Start of AVAILABLE DATA
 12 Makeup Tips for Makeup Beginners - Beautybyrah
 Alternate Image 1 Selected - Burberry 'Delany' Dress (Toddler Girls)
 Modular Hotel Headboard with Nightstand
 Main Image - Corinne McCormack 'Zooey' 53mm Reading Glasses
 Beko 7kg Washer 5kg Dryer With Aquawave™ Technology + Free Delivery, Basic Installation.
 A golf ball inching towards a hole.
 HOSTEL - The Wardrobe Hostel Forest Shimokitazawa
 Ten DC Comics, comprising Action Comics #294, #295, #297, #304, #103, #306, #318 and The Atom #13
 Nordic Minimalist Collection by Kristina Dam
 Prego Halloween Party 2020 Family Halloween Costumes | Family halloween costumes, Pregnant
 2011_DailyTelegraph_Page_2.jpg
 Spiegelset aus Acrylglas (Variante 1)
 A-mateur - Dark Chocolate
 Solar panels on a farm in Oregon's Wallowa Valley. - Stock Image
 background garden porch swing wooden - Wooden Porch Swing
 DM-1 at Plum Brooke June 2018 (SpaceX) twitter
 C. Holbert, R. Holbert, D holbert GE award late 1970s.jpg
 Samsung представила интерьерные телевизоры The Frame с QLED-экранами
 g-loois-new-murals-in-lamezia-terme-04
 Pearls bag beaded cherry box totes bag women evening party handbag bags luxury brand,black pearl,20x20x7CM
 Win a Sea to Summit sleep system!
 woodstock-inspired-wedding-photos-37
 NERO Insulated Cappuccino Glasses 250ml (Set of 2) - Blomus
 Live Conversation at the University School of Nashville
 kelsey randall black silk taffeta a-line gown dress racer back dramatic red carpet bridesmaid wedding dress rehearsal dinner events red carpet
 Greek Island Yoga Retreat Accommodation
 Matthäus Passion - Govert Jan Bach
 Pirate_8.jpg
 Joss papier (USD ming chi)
End of AVAILABLE DATA
* [TASK TO CARRY OUT] Only the lines from the one holding "C. Holbert, R." to the end of the entries above belong in the answer, each copied exactly.

* [SOLUTION TO THIS PROBLEM]
 C. Holbert, R. Holbert, D holbert GE award late 1970s.jpg
 Samsung представила интерьерные телевизоры The Frame с QLED-экранами
 g-loois-new-murals-in-lamezia-terme-04
 Pearls bag beaded cherry box totes bag women evening party handbag bags luxury brand,black pearl,20x20x7CM
 Win a Sea to Summit sleep system!
 woodstock-inspired-wedding-photos-37
 NERO Insulated Cappuccino Glasses 250ml (Set of 2) - Blomus
 Live Conversation at the University School of Nashville
 kelsey randall black silk taffeta a-line gown dress racer back dramatic red carpet bridesmaid wedding dress rehearsal dinner events red carpet
 Greek Island Yoga Retreat Accommodation
 Matthäus Passion - Govert Jan Bach
 Pirate_8.jpg
 Joss papier (USD ming chi)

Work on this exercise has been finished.